Artistes, comédiens, metteurs en scène, scénographes et théoriciens se rencontreront et dialogueront avec vous pour un présent performatif !

Robert Filliou

Robert FILLIOU, Poem-Roulette, 1962

Communication / invités journée 1

→ Michel COLLET, Performeur, théoricien de la performance et des avant-gardes, Michel Collet est professeur à l’ISBA de Besançon où il dirige le pôle Corps de l’artiste, Performance. Il est également membre du comité de rédaction international de Inter (Canada – diffusion Presses du réel, Dijon), magazine en art actuel performance / art action.

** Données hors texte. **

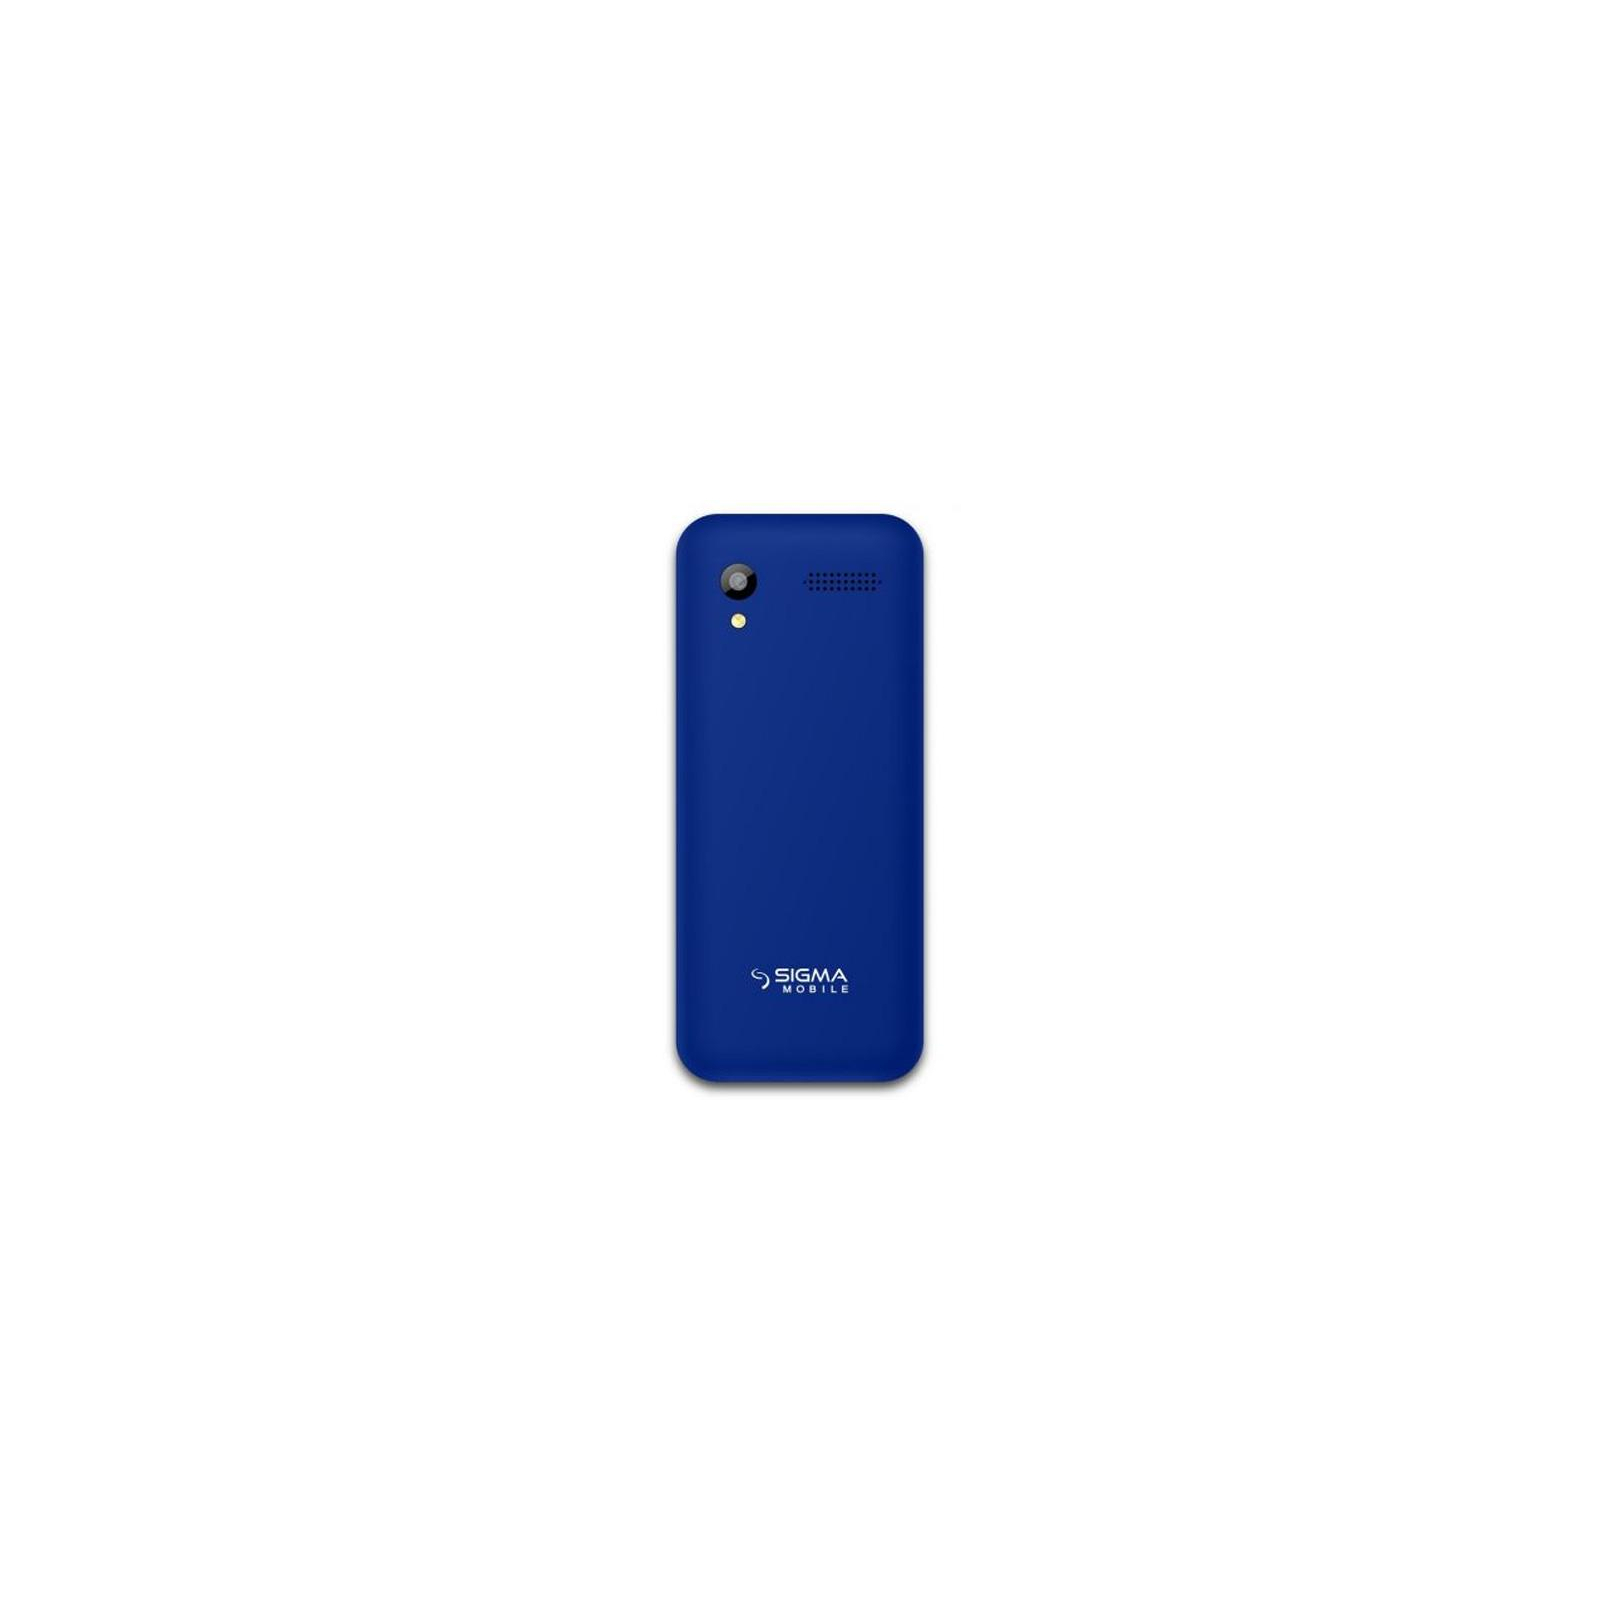 Мобильный телефон Sigma X-style 31 Power Blue (4827798854723) изображение 2

→ Philippe MARIOGE, après avoir effectué une longue pratique de théâtre amateur et obtenu le diplôme d’architecte DPLG, Philippe Marioge a rejoint le Théâtre de l’Aquarium et ses créations collectives de 1973 à 1976. Depuis il a réalisé près de 200 scénographies pour une soixantaine de metteurs en scène parmi lesquels on peut citer quelques compagnonnages de longue  durée avec Gérard Maro, Didier Bezace, Jacques Nichet, François Joxe, Jean-Marie Patte,Valère Novarina, Jean Gaudin, Jacques Seiler, Christine Dormoy, Bruno Abraham-Kremer, et quelques partenariats plus courts avec Augusto Boal, Declan Donnellan, Eric Lacascade, Jacques Falguières, Pipo Delbono, Stuart Seide et avec une quarantaine d’autres metteurs en scène également moins connus mais parfois tout aussi influents. Il a donc mené un travail presque exclusivement théâtral au sein de nombreuses équipes et dans une multitude de lieux à adopter, dont la Cour d’Honneur d’Avignon qui l’a accueilli quatre fois ; en 2001, l’Ecole des Femmes de Molière, mis en scène par D. Bezace ; en 2002, Platonov de Tchekhov, mis en scène par E.Lacascade (qui lui a valu le Grand prix de la Critique du meilleur créateur d’éléments scéniques) ; en 2005, Les Barbares de Gorki, mis en scène par E. Lacascade ; et en 2007, l’Acte Inconnu de V. Novarina, mis en scène par l’auteur.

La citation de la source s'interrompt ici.